= Alfred Radley =

British businessman (1924–2019)

Alfred Radley (28 June 1924 – 14 February 2019) was a British clothing manufacturer best known for founding Radley Fashions and his association with the Quorum Boutique and fashion designer, Ossie Clark.

==Biography==
Alfred Radley was born in 1924 in the East End of London, the youngest of seven children. His father died when he was eighteen months old, and he was brought up partly at the Norwood orphanage.
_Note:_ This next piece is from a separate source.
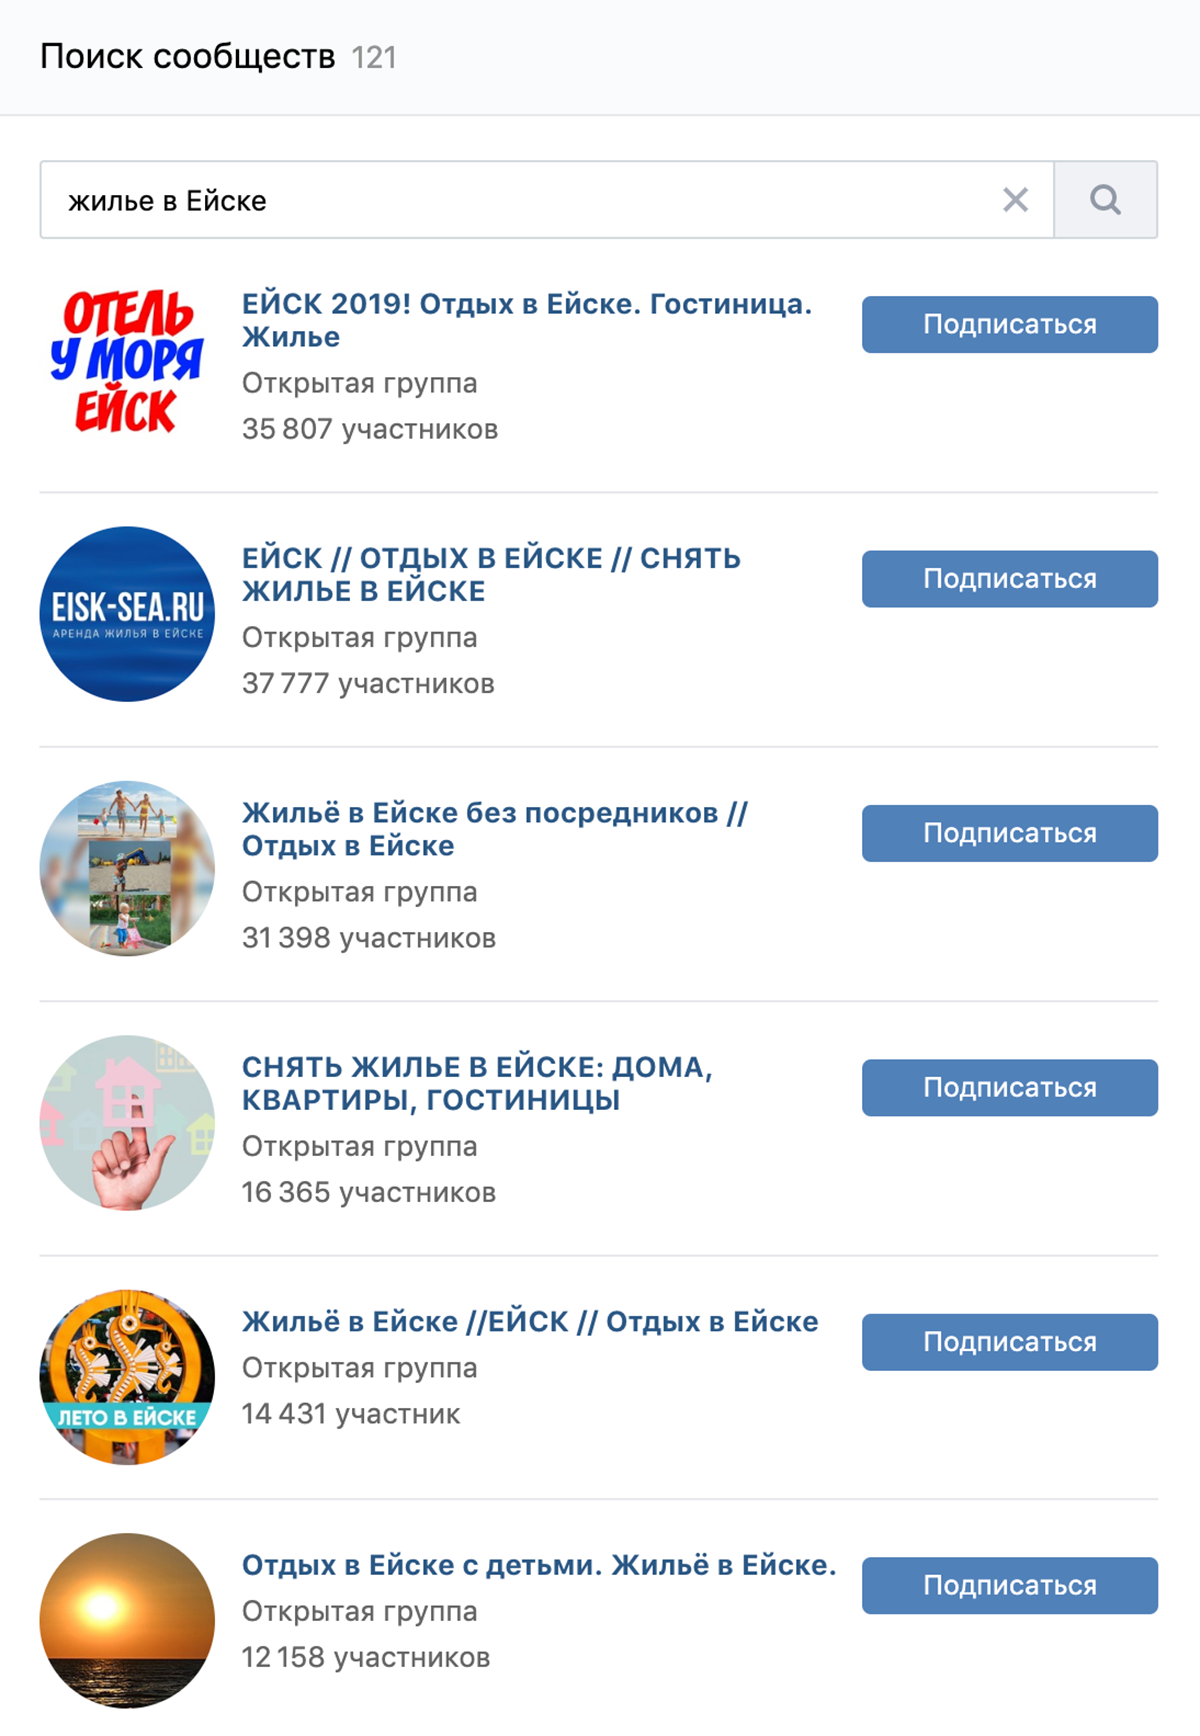 Во Вконтакте 180 сообществ, в которых предлагают жилье для туристов в Ейске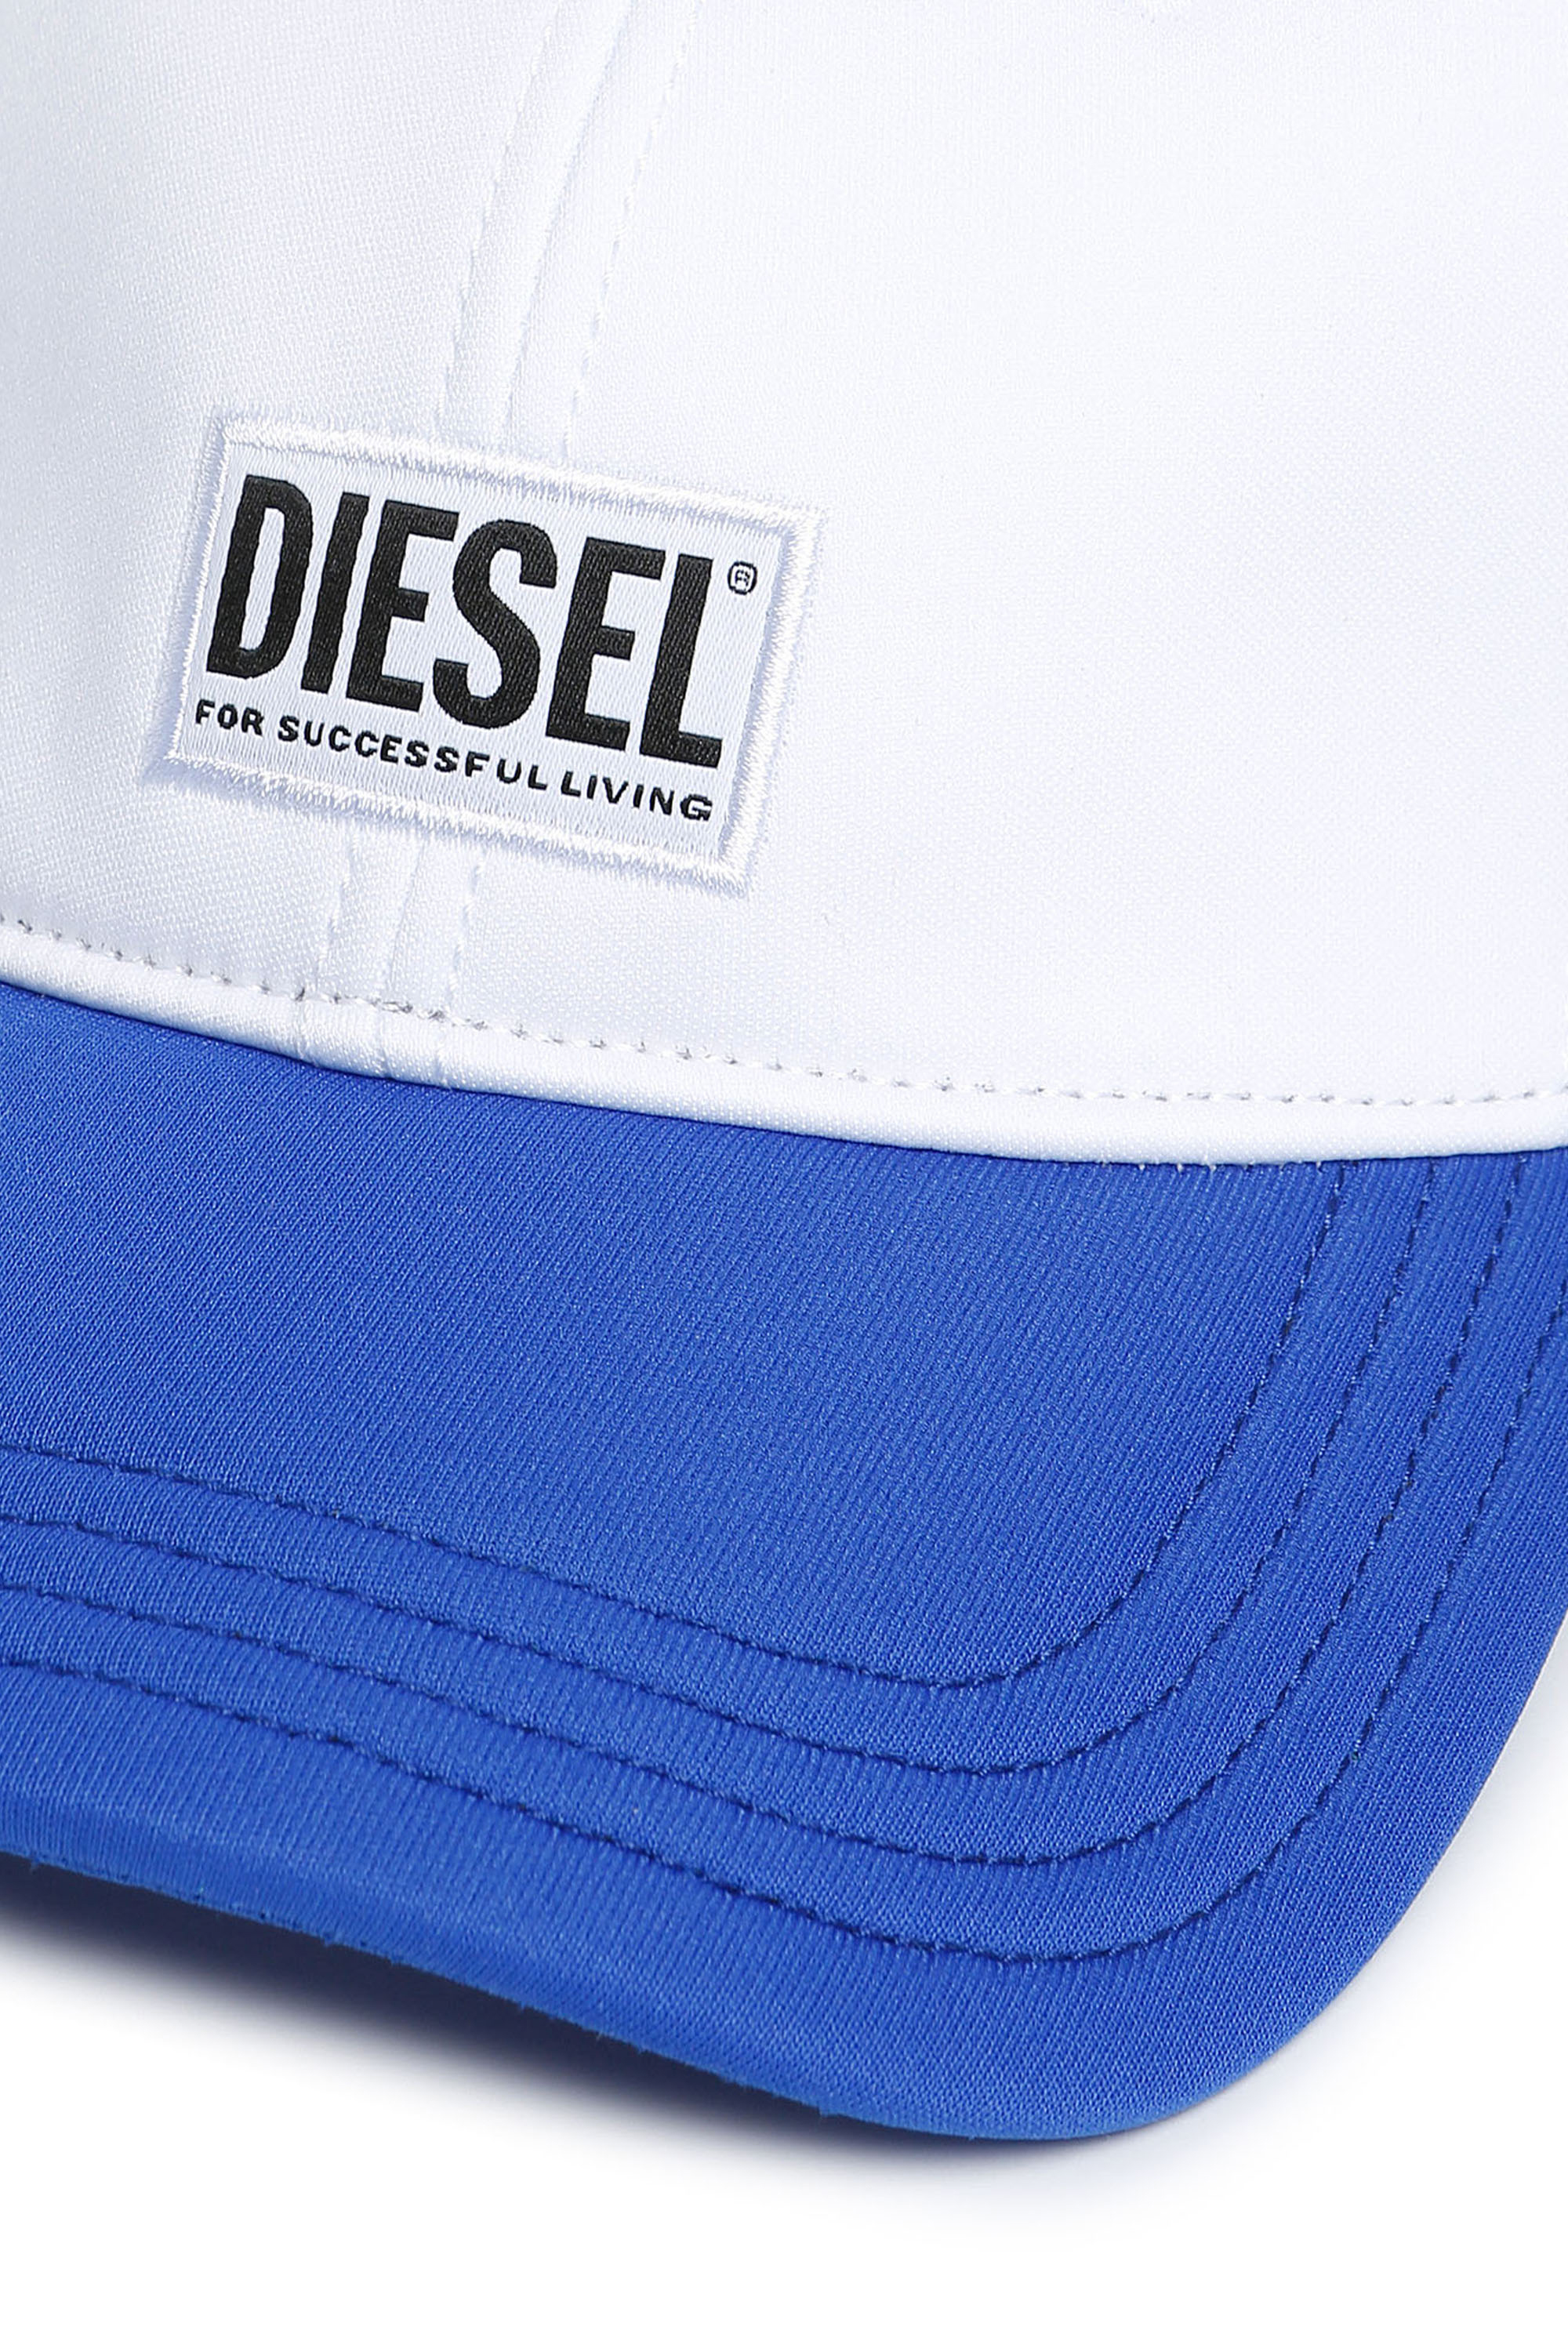 Diesel - FDURBO, White/Blue - Image 3

During the Second World War he volunteered for the Navy and served in all theatres of war from the Atlantic Convoys to the Pacific. In June 1944, D day +1, he served on a ship landing troops on the beaches in Normandy and was on the first Allied ship to dock in France (Cherbourg). Towards the end of the war, he served on taking returning Russian prisoners to Odessa and bringing back Jewish survivors (among them Otto Frank, the father of Anne Frank) from the death camps to Marseille. He also was on one to the first ships to enter Japan following the dropping of the atom bombs when he visited Hiroshima.

After the war, he started his own company selling dresses and by the early 1960s was part of the Swinging London movement, specialising in party dresses. By 1965 Radley was one of the most important fashion houses in London, with its own fabric mills as well as factories producing gloves and handbags for many high street stores including Marks & Spencer.

In 1968 Radley acquired Quorum with its famous designers Ossie Clark, Alice Pollock and Celia Birtwell. While Ossie Clark flourished under the Quorum label, Radley promoted the careers of many designers including: Betty Jackson, Sheilagh Brown, Sheridan Barnett, Wendy Dagworthy, Rosemary Bradford and Terence Nolder (who in 1980 won the British Eveningwear Designer Award and The British Designer of the Year Award in 1981)

For this, he has been given the epithet "the patron saint of British Fashion" Sir Philip Green.

Radley remained in contact with Ossie Clark throughout the rest of his life. Although Radley retired in the late 1980s, he has retained a passionate interest in fashion and in particular Ossie Clark and has worked tirelessly to keep his work and memory alive. In 2002, he convinced the Victoria & Albert Museum to stage a major exhibition in celebration of Ossie Clark's work which was mounted in July 2003 for ten months. Radley provided many of the garments that were on display from his personal collection and the centrepiece was his daughter Diane's wedding dress.

Radley died at the age of 94 on 14 February 2019.